Supplied data Block Start

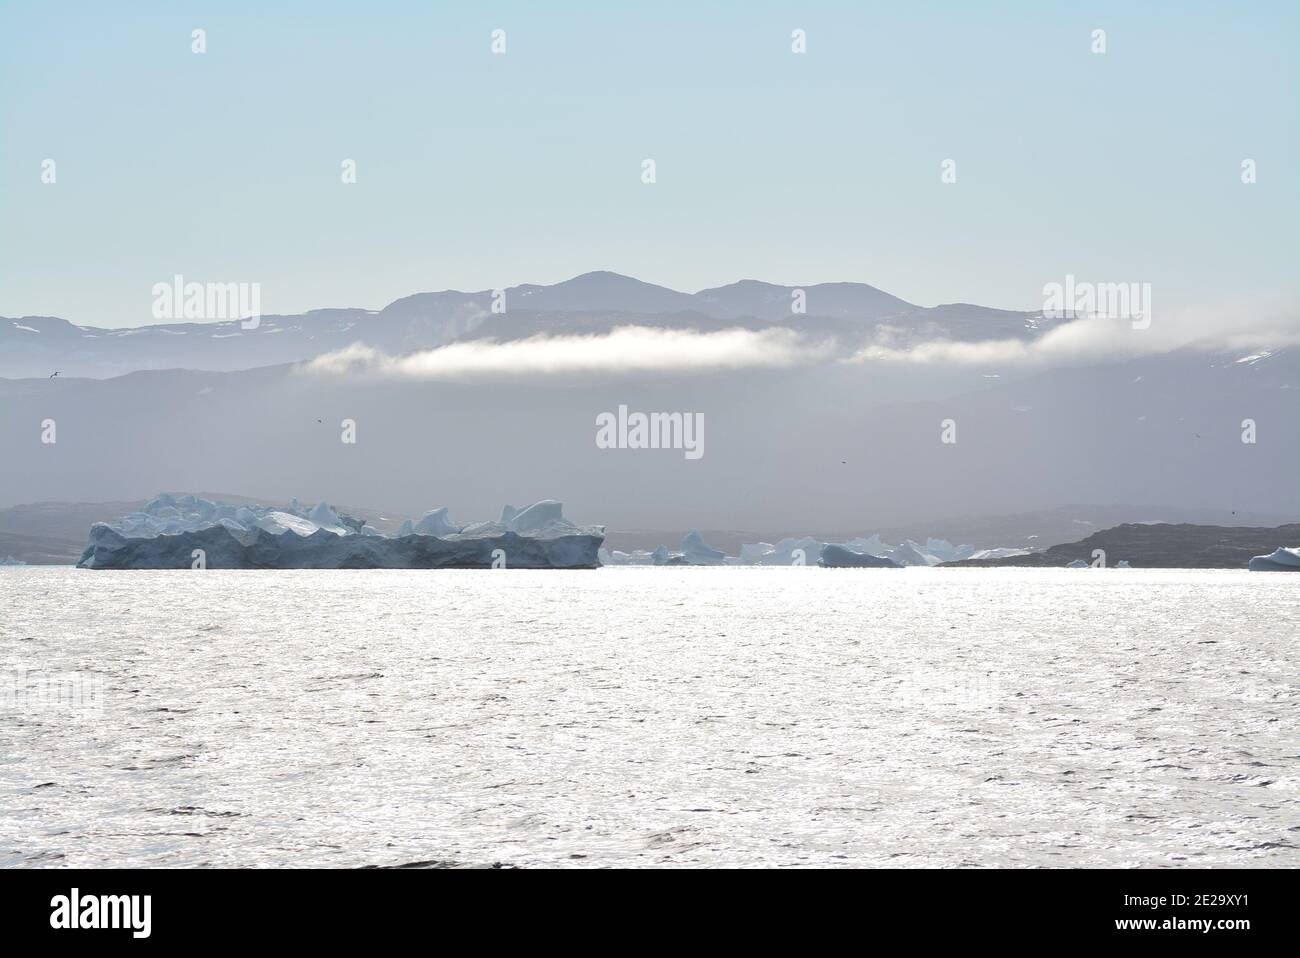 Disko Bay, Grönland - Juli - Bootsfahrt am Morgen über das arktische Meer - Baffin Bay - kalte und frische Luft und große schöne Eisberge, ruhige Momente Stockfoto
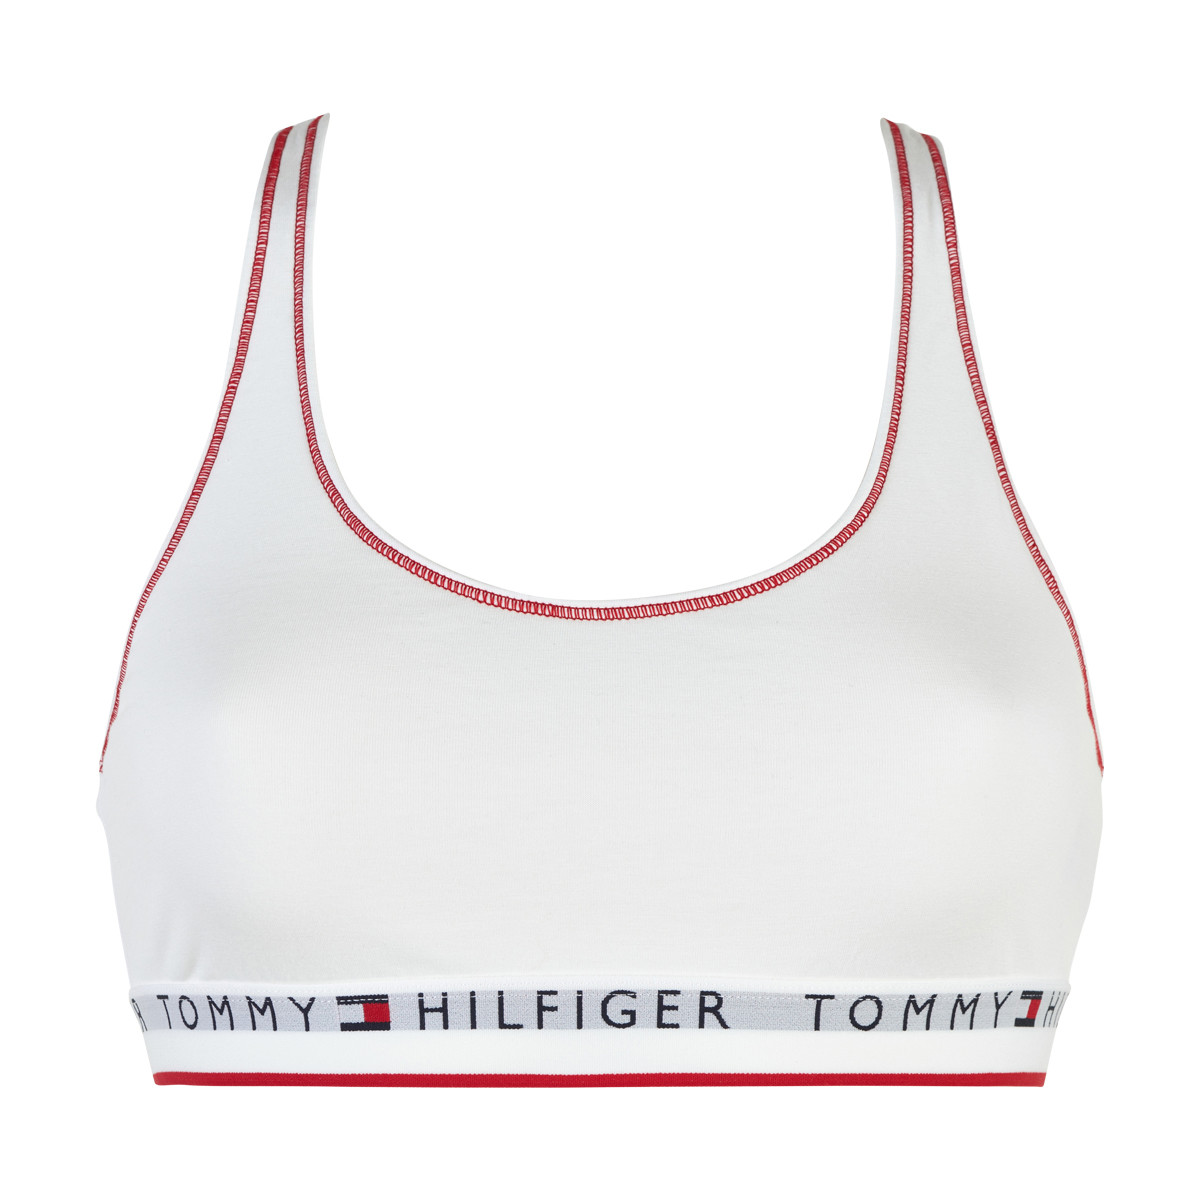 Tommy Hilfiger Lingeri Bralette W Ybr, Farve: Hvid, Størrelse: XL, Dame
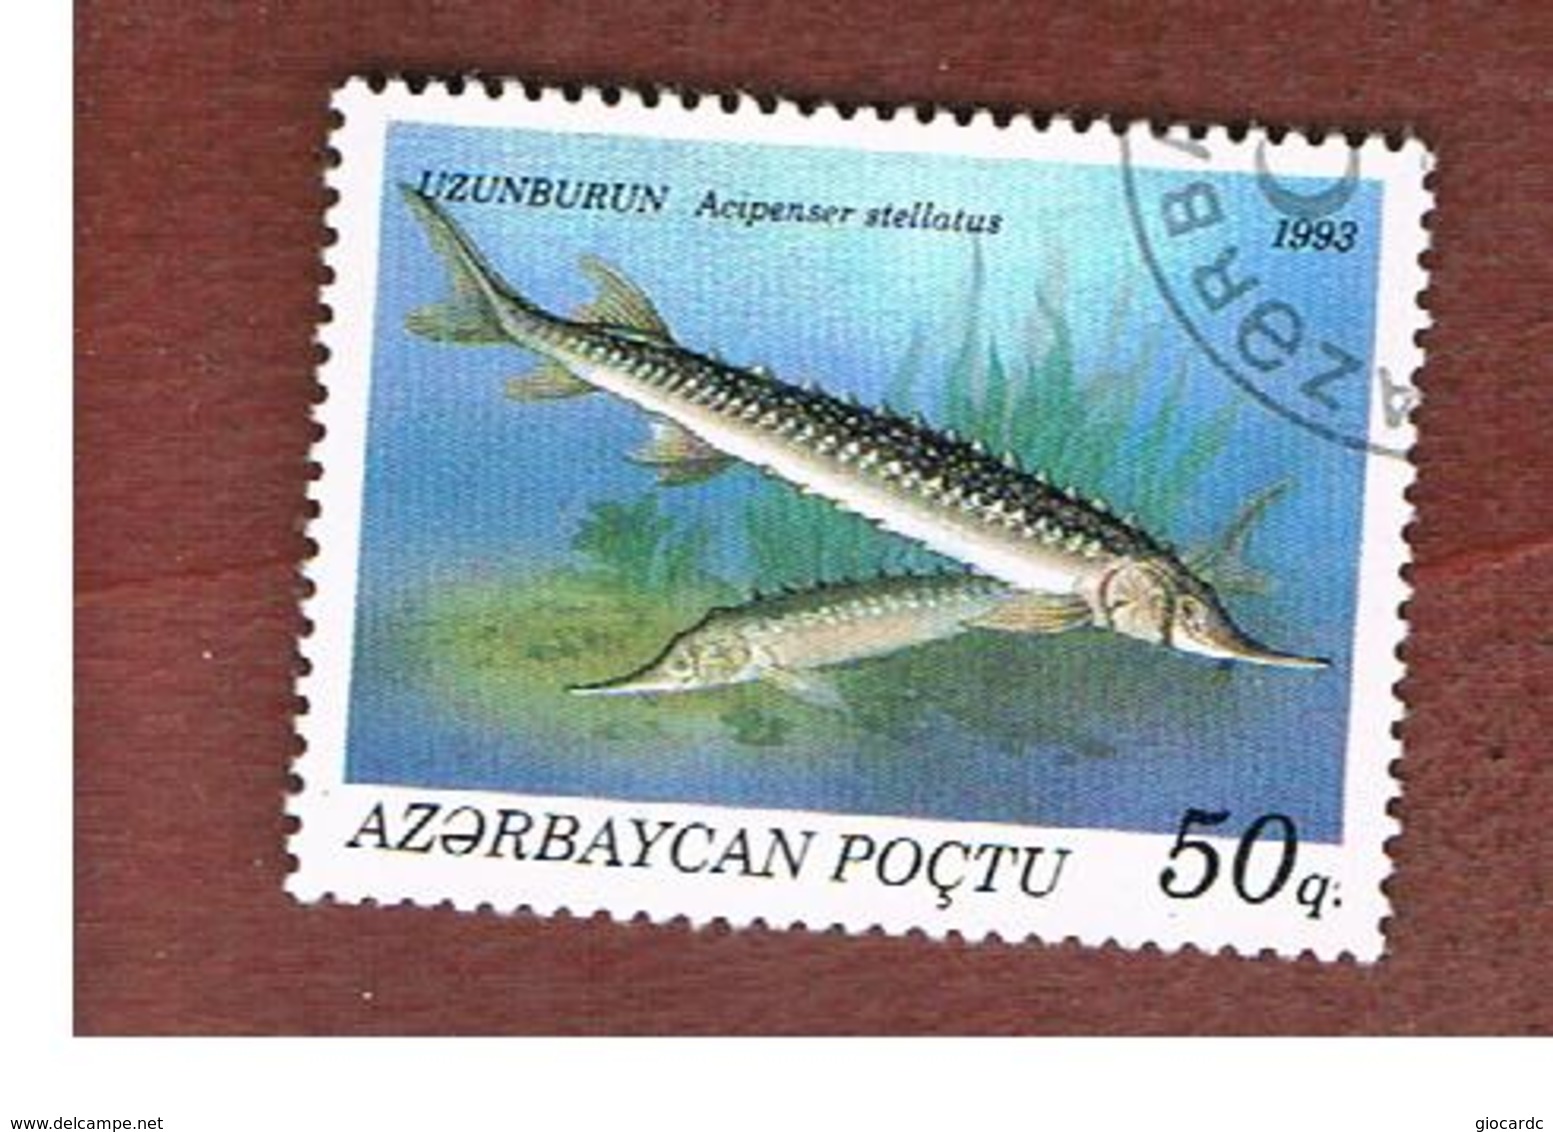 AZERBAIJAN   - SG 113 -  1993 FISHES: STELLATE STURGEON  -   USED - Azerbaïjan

Supplied data Block End

Could you repeat all of the data exactly, minus the pictures?

 Disko Bay, Grönland - Juli - Bootsfahrt am Morgen über das arktische Meer - Baffin Bay - kalte und frische Luft und große schöne Eisberge, ruhige Momente Stockfoto
 Tommy Hilfiger Lingeri Bralette W Ybr, Farve: Hvid, Størrelse: XL, Dame
 AZERBAIJAN   - SG 113 -  1993 FISHES: STELLATE STURGEON  -   USED - Azerbaïjan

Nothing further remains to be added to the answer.